Methods: Data were derived from a cross-sectional survey administered via Qualtrics survey panels. Participants included LGB adults matched to U.S. nationally representative norms for race/ethnicity, sex, and age (n =496). We conducted our analyses in two steps. We first constructed an OLS regression model wherein a recently developed CSBD screening measure (α=.96) served as the outcome variable. Our focal predictor, internalized sexual stigma, was assessed via the Revised Internalized Homophobia Scale (α=.89). Control variables included various behaviors assumed common to CSBD—e.g., pornography viewing, masturbation, casual sex, cybersex—as well as demographic indicators. We next assessed endorsement of the WHO’s diagnostic criteria more directly by constructing a binary logistic regression model (where 0 = no endorsement of symptoms, 1 = endorsement of one or more of four major criteria). We dichotomized this variable given WHO requires one or more of these items for diagnosis. The same variables as in the first model were entered as predictors.
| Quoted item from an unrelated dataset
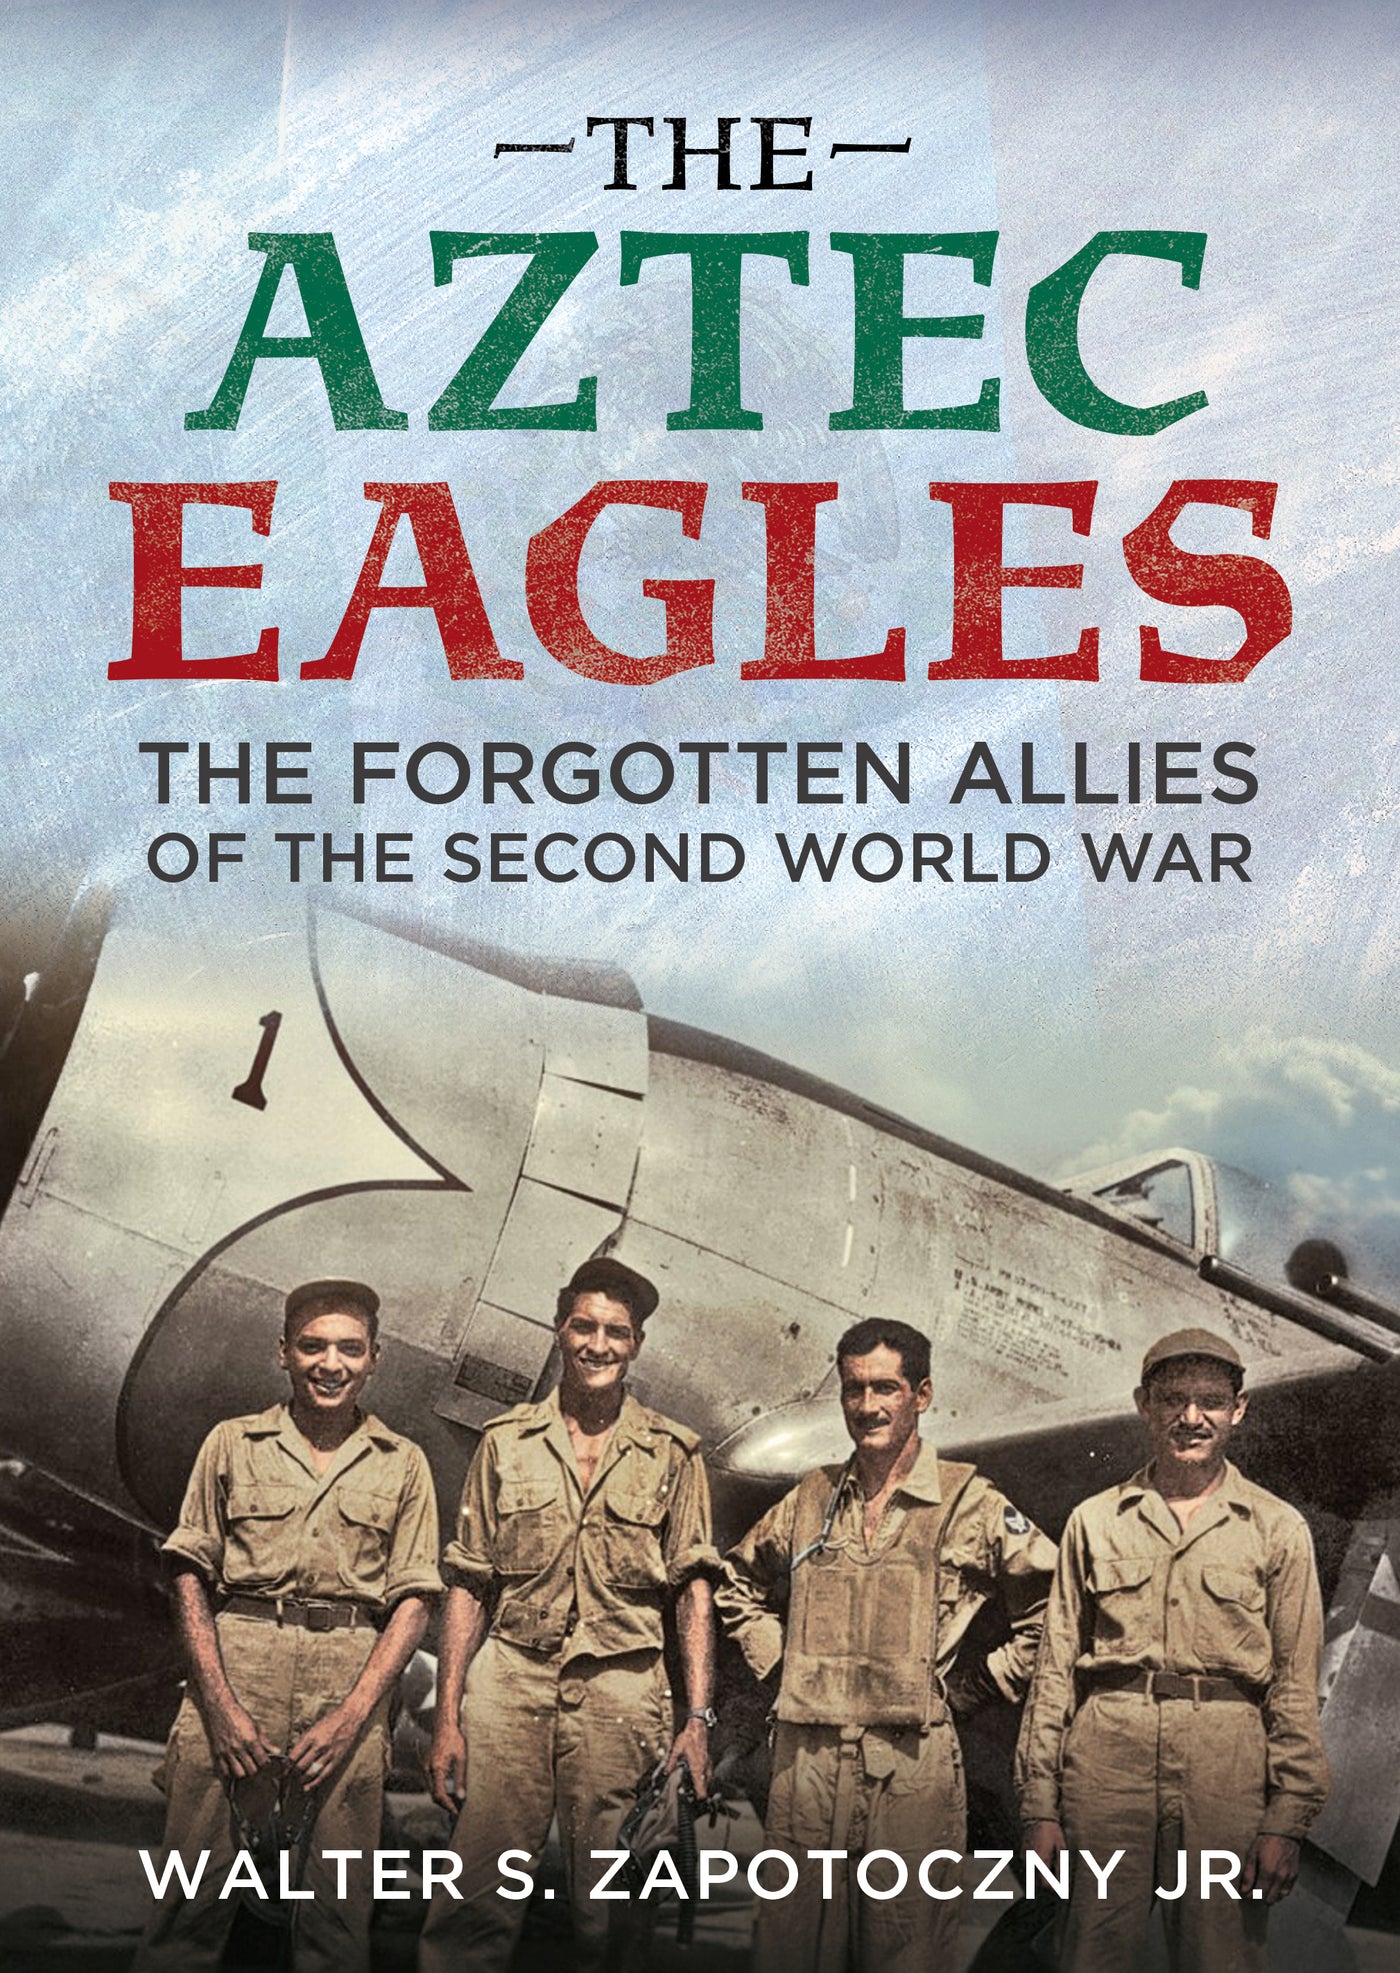 The Aztec Eagles
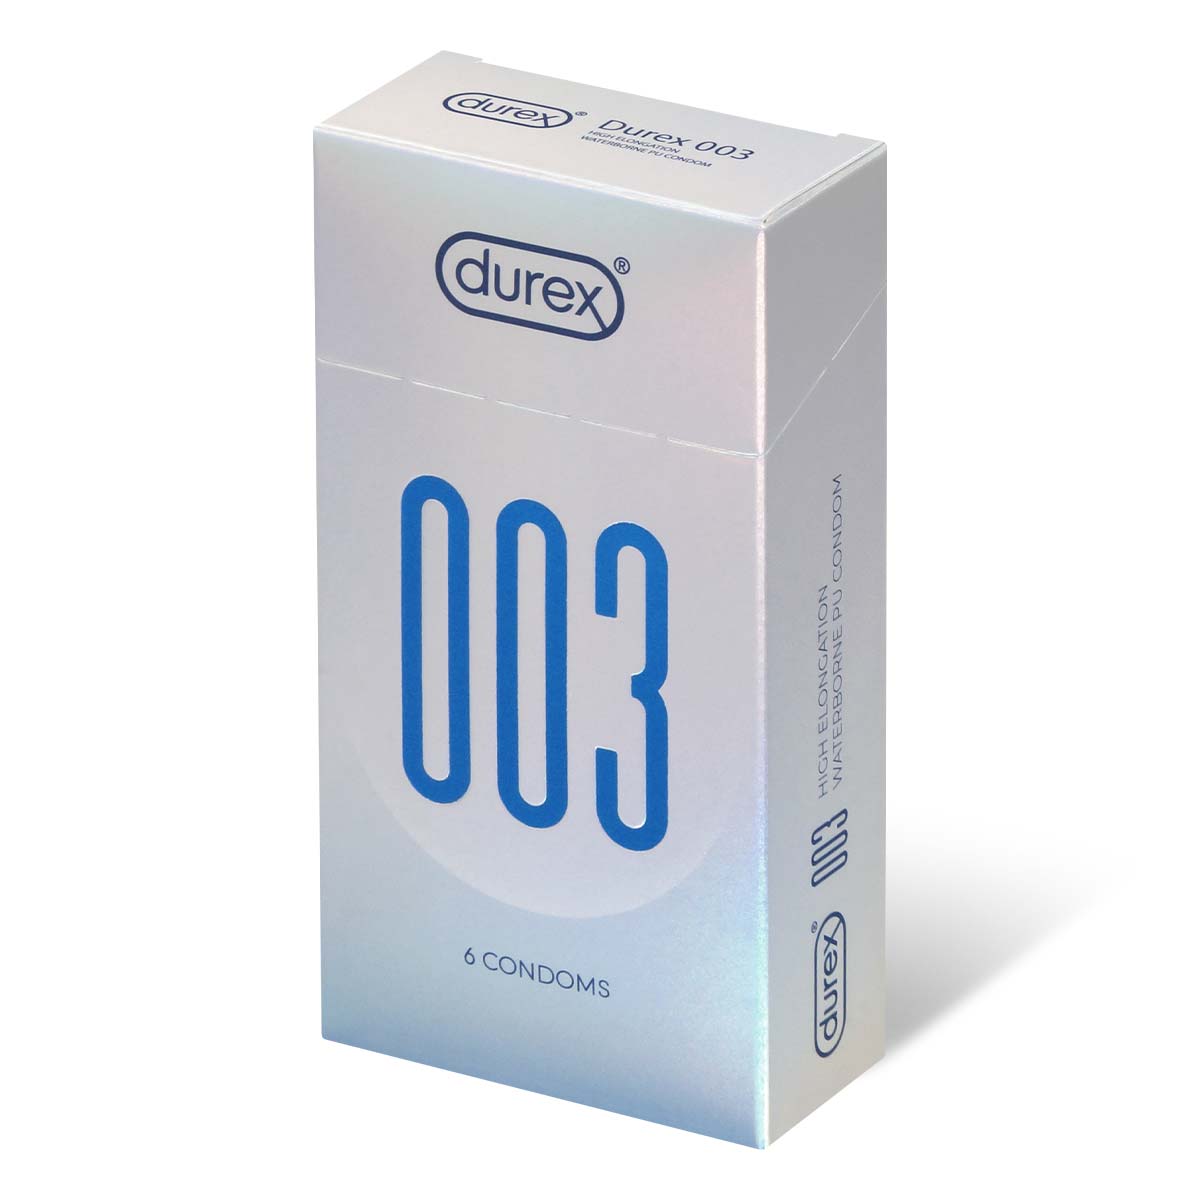 Durex 003 6's Pack High Elongation Waterborne Polyurethane Condom-p_1

Results: Our hypothesis was supported in both models. In the first model, internalized sexual stigma was significantly associated with the CSBD screening measure and was the largest predictor in the model (β =.42, p <.001). The overall model accounted for 50% of the variance in the outcome variable. In the second model, internalized sexual stigma was a robust predictor of endorsement of CSBD diagnostic criteria (aOR =1.15, p <.001). The pseudo R2 (Nagelkerke) suggested that the overall model accounted for approximately 43% of the variance in the outcome variable.

Implications: Our findings suggest that the WHO’s new CSBD diagnosis might conflate internalized sexual stigma with “compulsive” sexual behavior. For LGB individuals who haven’t embraced their sexual orientation, any sexual urges or behaviors might feel distressing and dysregulated. This has significant implications for social work practice in that diagnosing practitioners might mistake normative behaviors as pathological and formulate a course of treatment that is damaging. Given this, the new CSBD diagnosis might confer iatrogenic harms and even act as a new covert avenue of reparative therapy.